– Дитя мое, – произнес он с нежностью, – вы даже понятия не имеете, о чем просите. Вы не представляете себе, что такое жизнь. Может быть, вначале у вас хватит сил, чтобы вынести все это, однако я не могу оставаться рядом с вами изо дня в день и видеть, как ваши иллюзии рассеиваются, а ваша красота меркнет из-за тех лишений, которые вы испытываете по моей вине. Я не хочу постоянно быть свидетелем ваших страданий.
– О каком страдании может идти речь, если я буду рядом с вами? – возразила Паолина. – Мы будем счастливы – бесконечно, безумно счастливы вместе благодаря нашей любви.

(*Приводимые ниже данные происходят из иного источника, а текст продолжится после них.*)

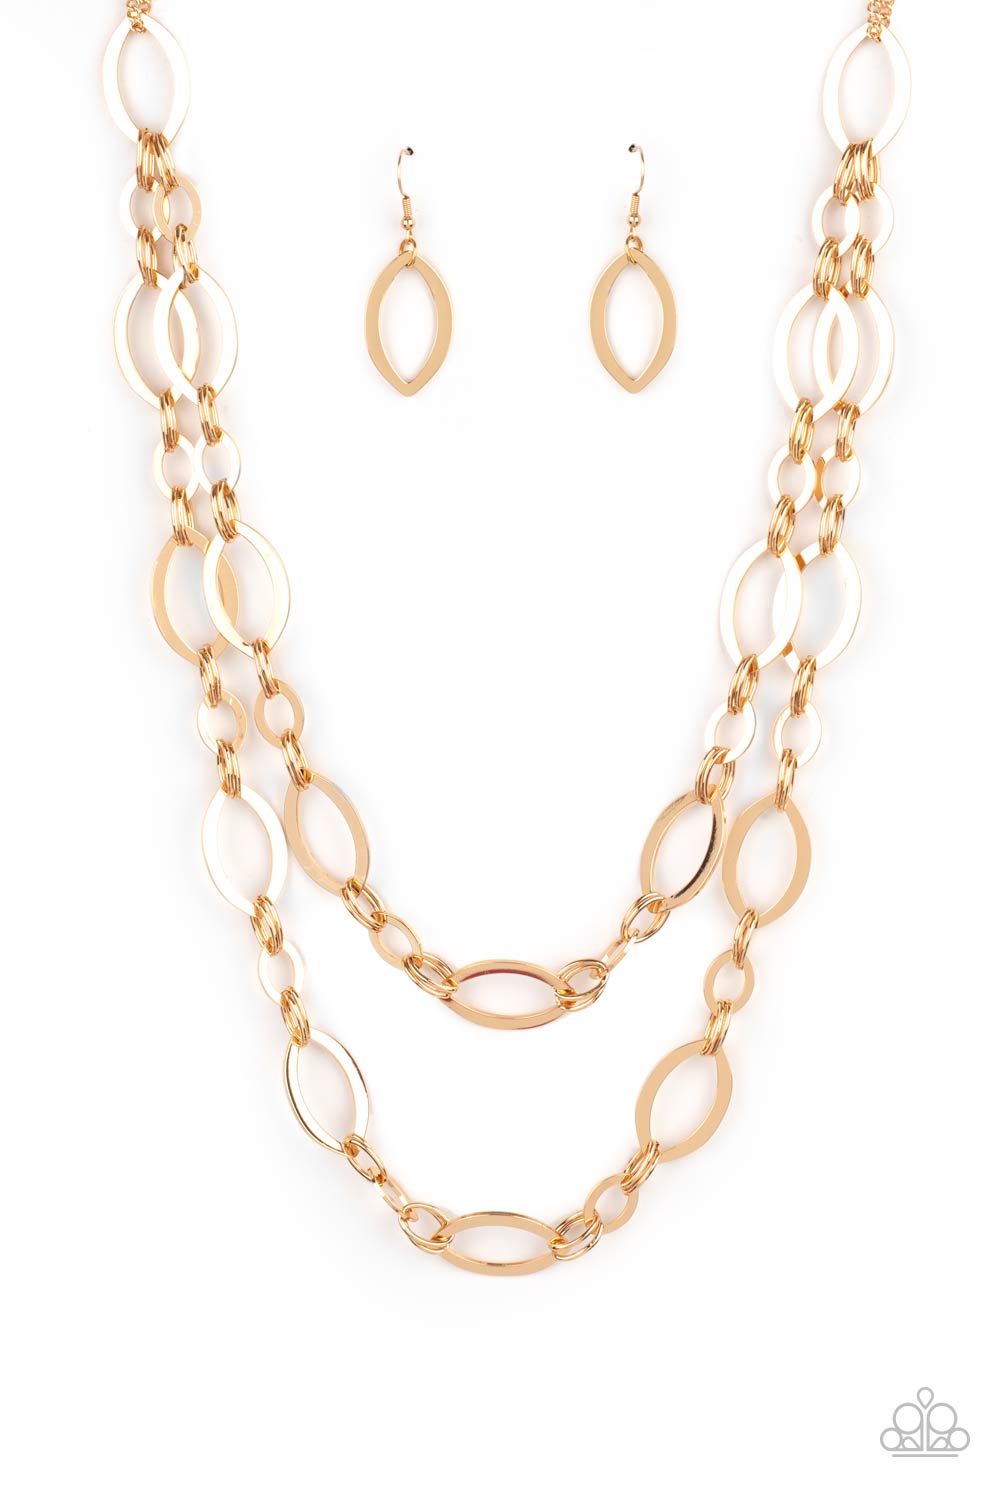 The OVAL-achiever - Gold Necklace - Paparazzi Accessories - Paparazzi Accessories 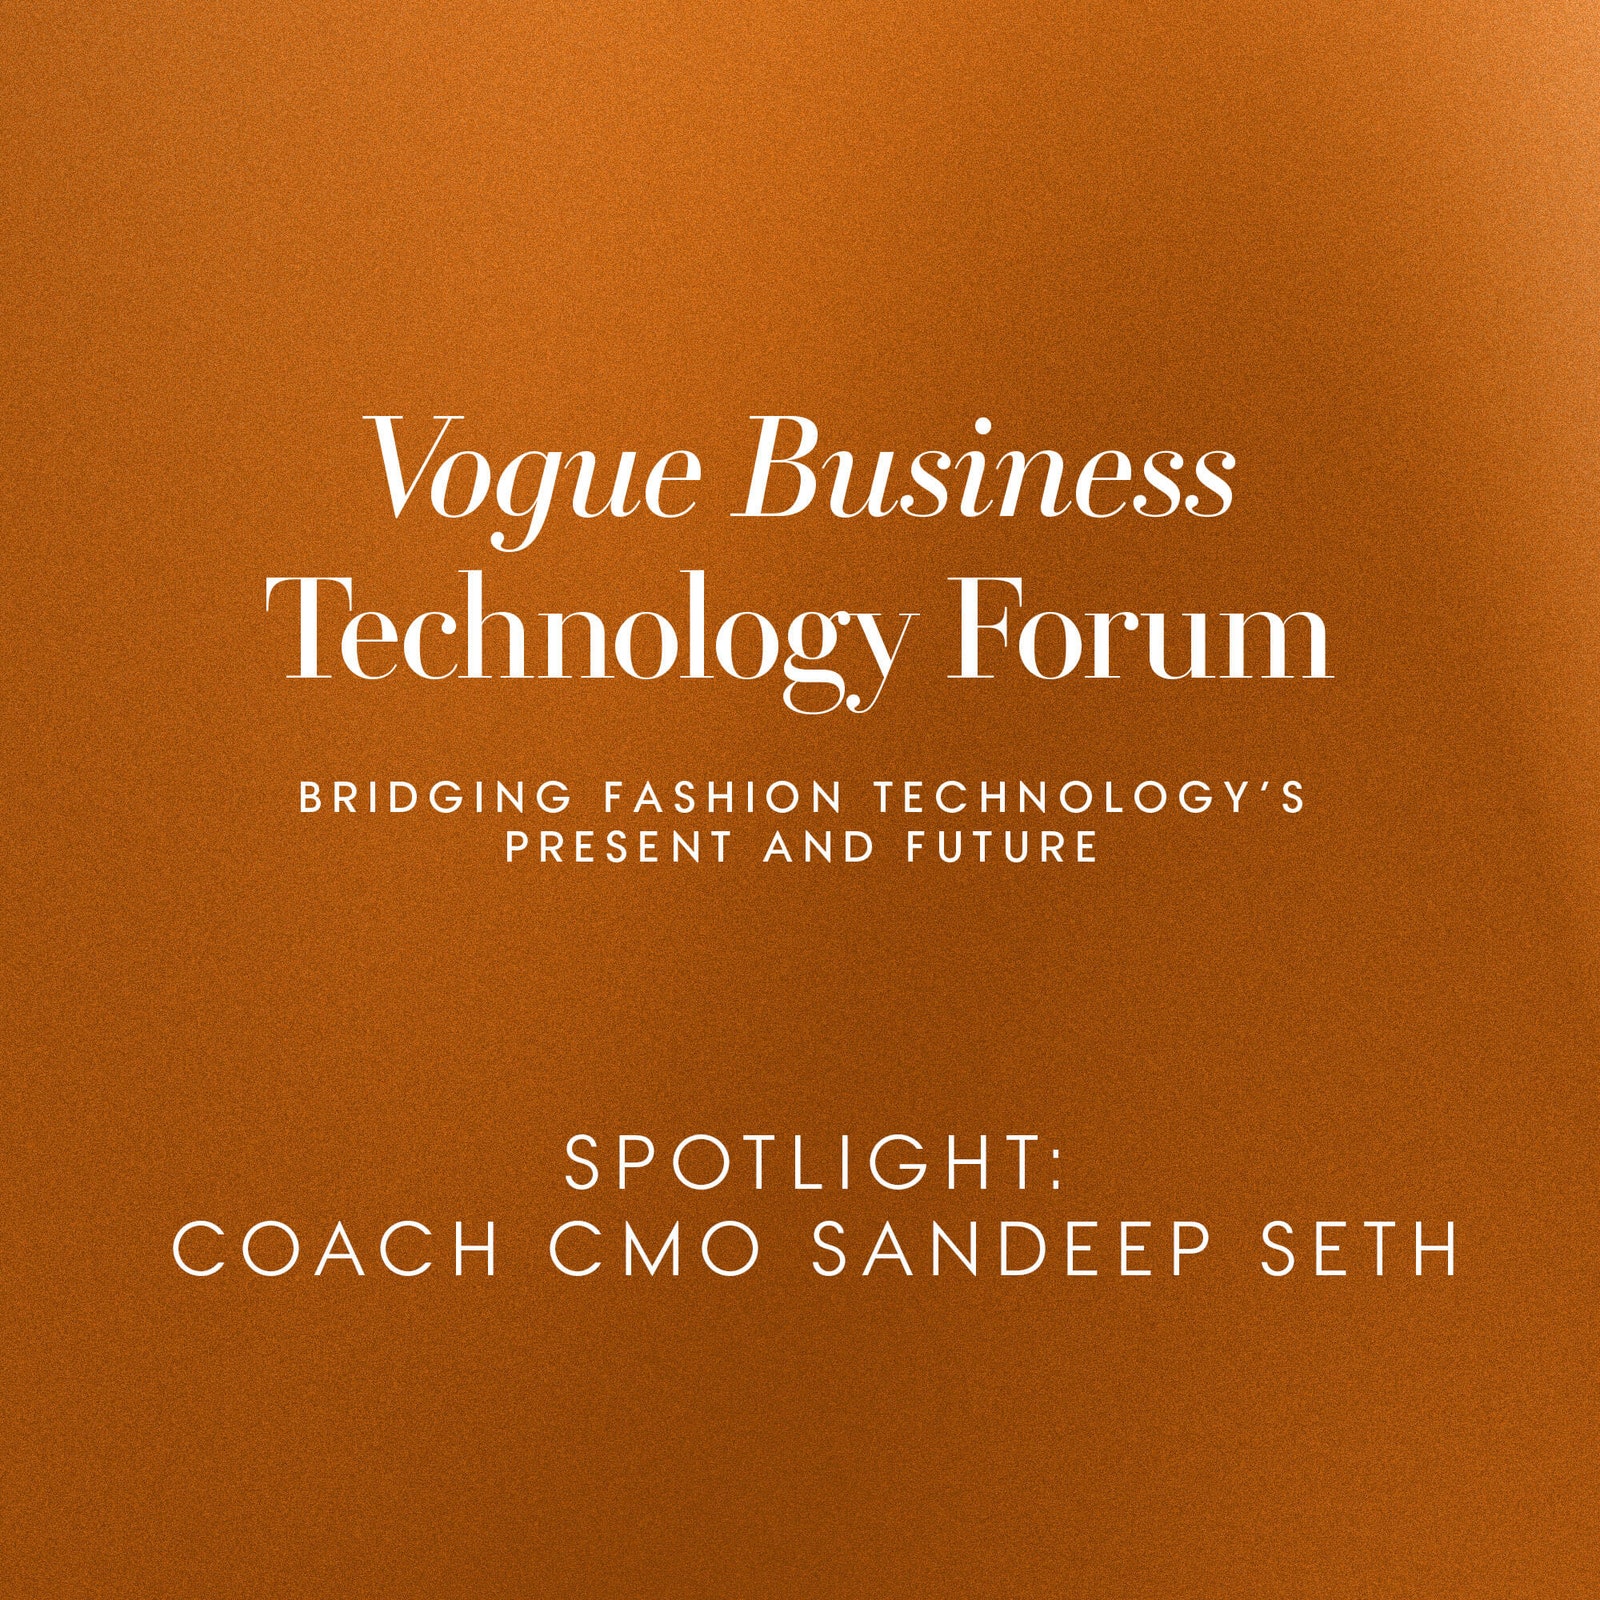 Coach CMO Sandeep Seth on why technology shouldn’t come first

– Вы искушаете меня, – отозвался сэр Харвей. – Но ради вашего же блага я не должен уступать. Неужели вы думаете, что мне легко, любя вас всей душой, отдать вас другому мужчине? Но у нас нет иного выхода. Денег у нас осталось не так уж много, и скоро они выйдут совсем. Мы сейчас живем на широкую ногу только потому, что рассчитываем на выгодный брак для вас. Но об одном я должен предупредить вас сразу.
– О чем же? – осведомилась Паолина.
– Когда вы выйдете замуж, я не возьму ни единого пенни из ваших денег.
– Но как же так? – изумилась Паолина. – Разве не в этом суть всего нашего замысла.
– В этом была суть замысла, – уточнил он, глаза его были полны еле сдерживаемой муки. – Но теперь все изменилось. В день вашей свадьбы я покину Венецию, и вы никогда больше меня не увидите.
– Нет! Нет! Я не отпущу вас! Я этого не вынесу!
Со слезами на глазах она пыталась удержать его, но сэр Харвей поднялся с места и отошел в сторону.
– Позвольте мне остаться с вами! Умоляю вас, не покидайте меня!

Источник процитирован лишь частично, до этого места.